Theoretic Mutex API and Use
What might a Mutex API in Salesforce look like? How could it be used? Indulge my imagination as I look at what this might look like
In the last post I outlined the need for Mutexes for Apex. But what might this look like if implemented? In this post I’ll set out a possible API and then show how it could be used.
Before we go any further I should note this is a thought exercise. I have no knowledge of any Mutex API coming. I have no reason to believe this specific API is going to be implemented. If Salesforce happen to add Mutexes to Apex and it happens to look anything like this then I just got lucky!
System.Mutex {
// Creates an instance of Mutex. Every call to the constructor with the same name returns the same object
Mutex(String name);
// Returns true if the named Mutex is already locked
boolean isLocked();
// Attempts to lock the Mutex. If the Mutex is unlocked locks and returns true. If the Mutex is locked waits at most timeout milliseconds for it to unlock. Throws an Exception if the call has to wait longer than timeout milliseconds.

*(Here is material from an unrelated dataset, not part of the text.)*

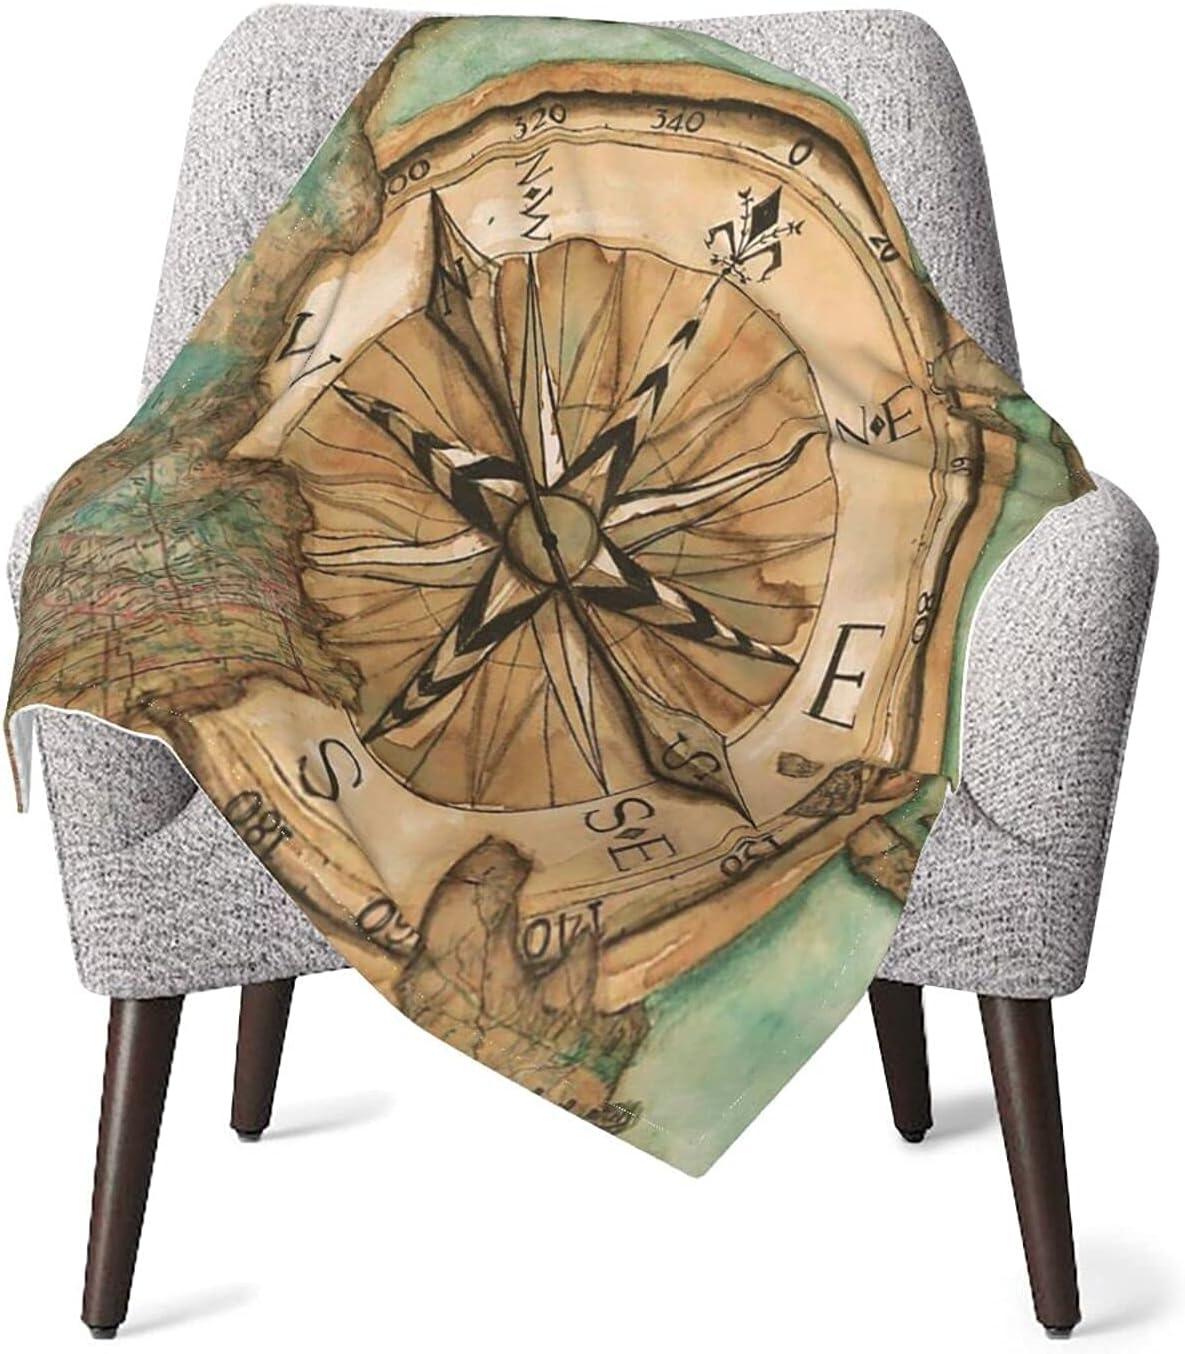 Nautical Compass Wooden Warm Cozy Virginia Beach Mall Air Conditionin Many popular brands Throw Blankets
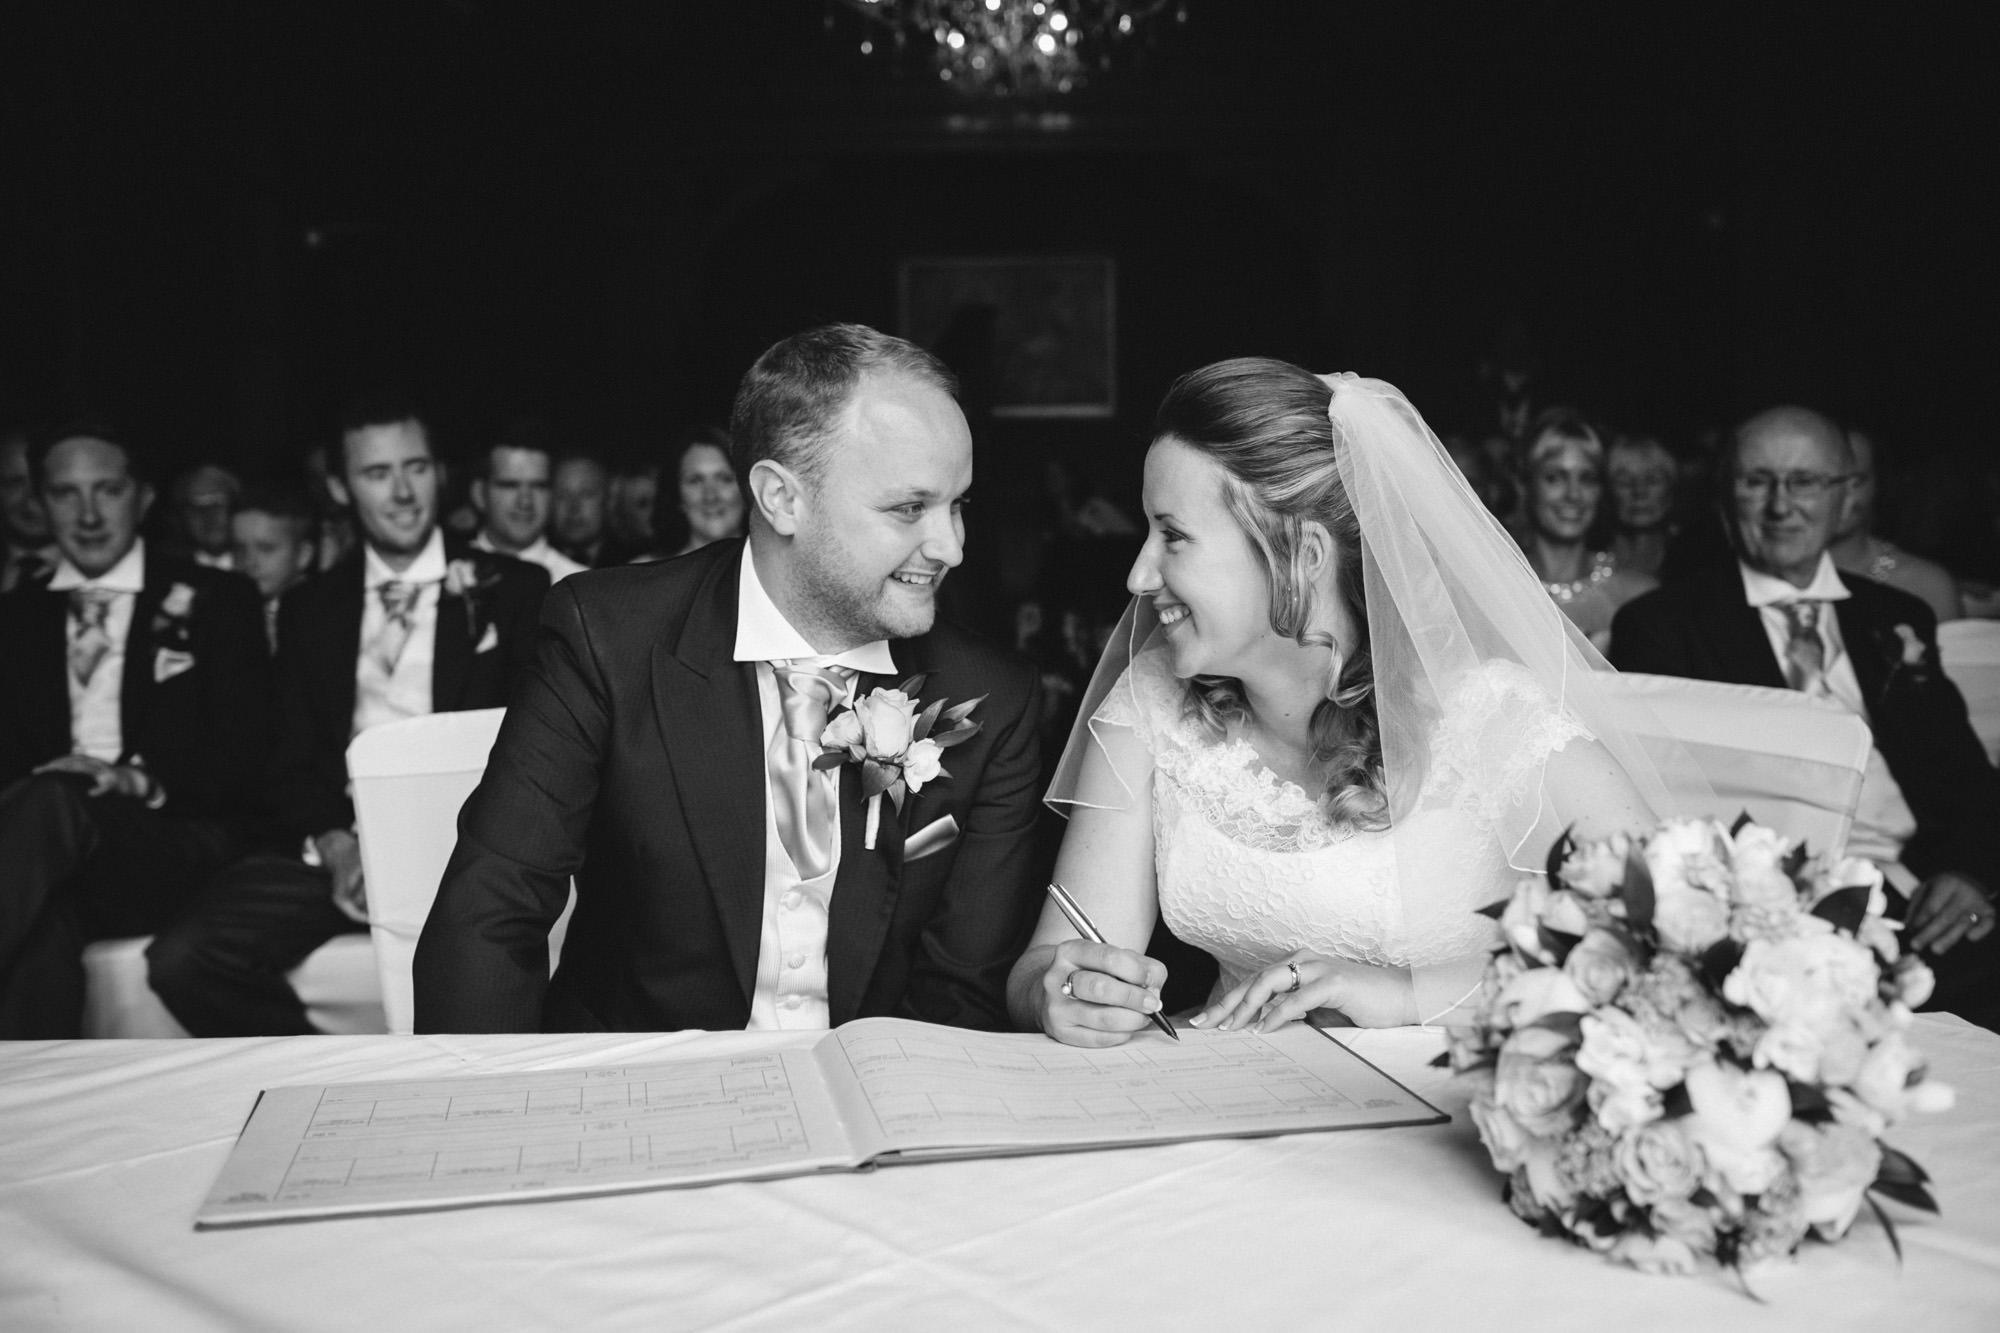 cambridge-wedding-photographer-io-1691-193.jpg

// If locked and has been locked for a long time (platform defined) without extendLock will allow locking even though locked (to allow for limits exceptions causing unlock to fail)
void lock(Long timeout);
// Extends a lock preventing timeout allowing locking of a locked lock
void extendLock();
// Release a lock
void unlock()
}
There are a few interesting things to note about this API. Mutexes are named. Only one Mutex with the same name can exist.
Attempting to lock a lock has some interesting behaviour. A timeout is passed to the lock method. If the lock cannot be locked in this time period then an exception is thrown. This may be unnecessary - the platform could enforce this instead. In fact it might have to depending on what conditions are placed around the lock method. If DML is allowed before the lock method is called then the timeout would have to be very short or possibly zero. Most likely DML would not be allowed before calling lock and then a timeout can be allowed without causing transaction locking issues.
However due to the nature of the platform there would still be concerns around locks getting locked and never unlocked. If a transaction locks a lock, does some DML then unlocks the lock all is good - a sensitive resource is guarded from concurrent access by a lock. But what if the transaction hits a governor limit and gets terminated? The lock would remain locked. For normal DML we’d expect that the transaction rolls back (or actually was never committed to the database). Locks would have to operate differently. They would have to actually lock in a persistent fashion whenever lock is called.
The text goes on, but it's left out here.